13

UPDATE

Following Mr Cheese's answer, it seems that the

public static string Join<T>(string separator, IEnumerable<T> values)

overload of string.Join gets its advantage from the use of the StringBuilderCache class.

Does anybody have any feedback on the correctness or reason of this statement?

Could I write my own,

public static string Join<T>(
    string separator,
    string prefix,
    string suffix,
    IEnumerable<T> values)

function that uses the StringBuilderCache class?


After submitting my answer to this question I got drawn into some analysis of which would be the best performing answer.

I wrote this code, in a console Program class to test my ideas.

using System;
using System.Collections.Generic;
using System.Diagnostics;
using System.Linq;
using System.Text;

class Program
{
    static void Main()
    {
        const string delimiter = ",";
        const string prefix = "[";
        const string suffix = "]";
        const int iterations = 1000000;

        var sequence = Enumerable.Range(1, 10).ToList();

        Func<IEnumerable<int>, string, string, string, string>[] joiners =
            {
                Build,
                JoinFormat,
                JoinConcat
            };

        // Warmup
        foreach (var j in joiners)
        {
            Measure(j, sequence, delimiter, prefix, suffix, 5);
        }

        // Check
        foreach (var j in joiners)
        {
            Console.WriteLine(
                "{0} output:\"{1}\"",
                j.Method.Name,
                j(sequence, delimiter, prefix, suffix));
        }

        foreach (var result in joiners.Select(j => new
                {
                    j.Method.Name,
                    Ms = Measure(
                        j,
                        sequence,
                        delimiter,
                        prefix,
                        suffix,
                        iterations)
                }))
        {
            Console.WriteLine("{0} time = {1}ms", result.Name, result.Ms);
        }

        Console.ReadKey();
    }

    private static long Measure<T>(
        Func<IEnumerable<T>, string, string, string, string> func,
        ICollection<T> source,
        string delimiter,
        string prefix,
        string suffix,
        int iterations)
    {
        var stopwatch = new Stopwatch();

        stopwatch.Start();
        for (var i = 0; i < iterations; i++)
        {
            func(source, delimiter, prefix, suffix);
        }

        stopwatch.Stop();

        return stopwatch.ElapsedMilliseconds;
    }

    private static string JoinFormat<T>(
        IEnumerable<T> source,
        string delimiter,
        string prefix,
        string suffix)
    {
        return string.Format(
            "{0}{1}{2}",
            prefix,
            string.Join(delimiter, source),
            suffix);
    }

    private static string JoinConcat<T>(
        IEnumerable<T> source,
        string delimiter,
        string prefix,
        string suffix)
    {
        return string.Concat(
            prefix,
            string.Join(delimiter, source),
            suffix);
    }

    private static string Build<T>(
        IEnumerable<T> source,
        string delimiter,
        string prefix,
        string suffix)
    {
        var builder = new StringBuilder();
        builder = builder.Append(prefix);

        using (var e = source.GetEnumerator())
        {
            if (e.MoveNext())
            {
                builder.Append(e.Current);
            }

            while (e.MoveNext())
            {
                builder.Append(delimiter);
                builder.Append(e.Current);
            }
        }

        builder.Append(suffix);
        return builder.ToString();
    }
}

running the code, in release configuration, built with optimizations, from the command line I get output like this.

...

Build time = 1555ms

JoinFormat time = 1715ms

JoinConcat time = 1452ms

The only suprise here (to me) is that the Join-Format combination is the slowest. After considering this answer, this makes a little more sense, the output of the string.Join is being processed by the outer StringBuilder in string.Format, there is an inherent delay with this approach.

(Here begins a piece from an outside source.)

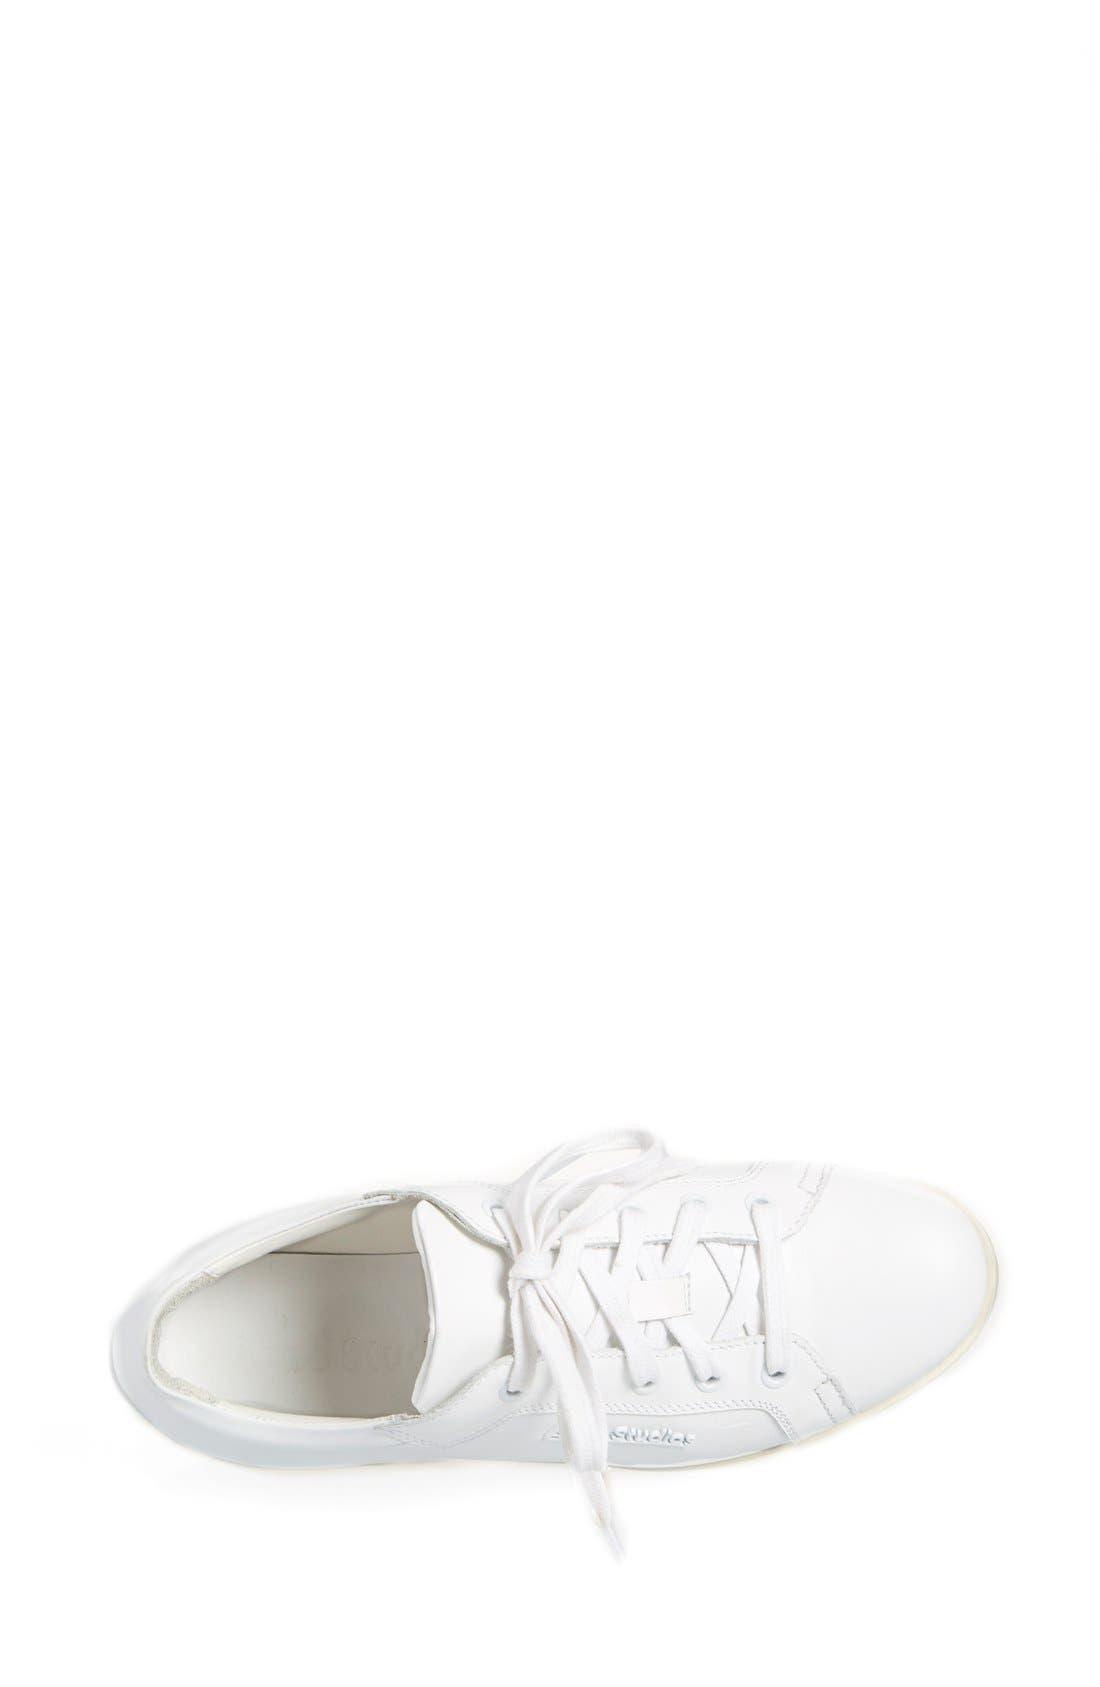 Kobe Platform Sneaker,                             Alternate thumbnail 2, color,                             100

After musing, I don't clearly understand how string.Join can be faster. I've read about its use of FastAllocateString() but I don't understand how the buffer can be accurately pre-allocated without calling .ToString() on every member of sequence. Why is the Join-Concat combination faster?

Once I understand that, would it be possible to write my own unsafe string Join function, that takes the extra prefix and suffix parameters and out performs the "safe" alternatives.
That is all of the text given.